Fuith (who played a different sort of doomed protagonist in the amusing German zombie movie “Rammbock”) looks like a nerdier version of Tony Hale’s man-child character on “Arrested Development.” Wearing a constant blank stare behind his wireframe glasses, he’s nearly a figure of comedy–but there’s nothing amusing about his private affairs. He’s not a sympathetic character, nor even a terribly psychotic one, and the mystery of his pedophiliac urges dominates nearly every scene. At work, he’s up for a promotion. He has a caring mother who calls to check up on him, maintains a few office friends, and even manages a one night stand (maybe just to prove to himself that he can do it). Fuith somehow makes this odd dichotomy believable.

Newcomer Rauchenberger, meanwhile, embodies complete innocence with the haunting absence of performance. His sullen expression and inability to comprehend the nature of his captivity deepen the morbid overtones. Although the duo’s scenes together are often hard to watch, they leave much to the imagination. The sole graphic moment arrives when Michael whips out his genitalia at the dinner table and quotes a porn movie to his young prisoner, who shoots down Michael’s attempt at swagger with ease. Then the worst is over, but the danger hasn’t gone away.

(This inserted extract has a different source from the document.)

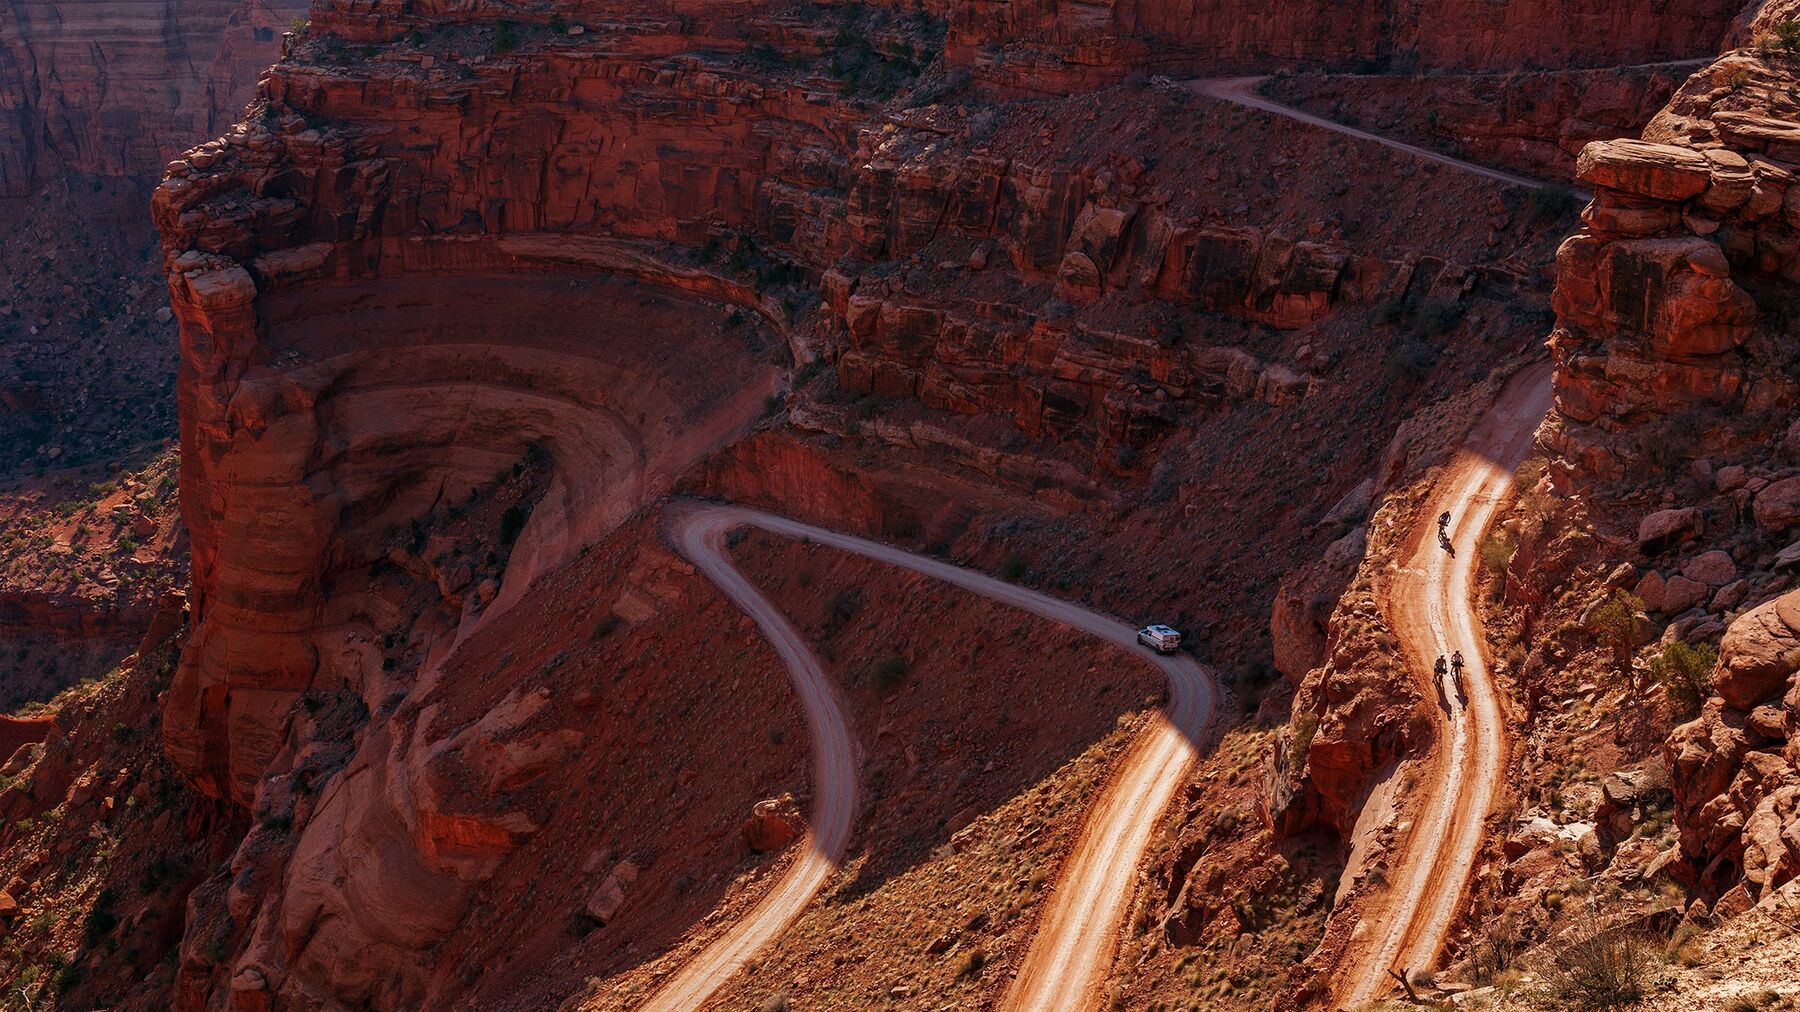 A landscape-oriented color photograph taken from a high vantage point showing a winding dirt road descending a red sandstone canyon in the desert. The road starts in the top right and zig-zags toward the bottom left. Three cyclists can be seen near the top of the road, and a truck is half-way down. The warm desert sun is illuminating the lower-right diagonal.

Press notes claim that “Michael” takes place over the course of a five-month period, but the sense of time stays ambiguous, as if to underscore the inescapable quality of Wolfgang’s conditions. Those mundane details heighten the tension that Schleinzer skillfully creates, but they also embolden the suspense of the movie’s final act, when sudden events begin to call Michael’s set-up into question. When he recovers from a life-threatening injury or risks the discovery of his basement activities by a nosey co-worker, Schleinzer toys with audience expectations of a clean happy ending, but he avoids exploiting it. Michael is not an object of pity, but Schleinzer still makes his monster familiar, which is a much creepier prospect.

HOW WILL IT PLAY? With a U.S. distributor bold enough to take it on, “Michael” could generate enough controversy surrounding its subject matter to gain wide recognition, although most audiences aware of its plot will probably stay away. A small acquisition deal is likely.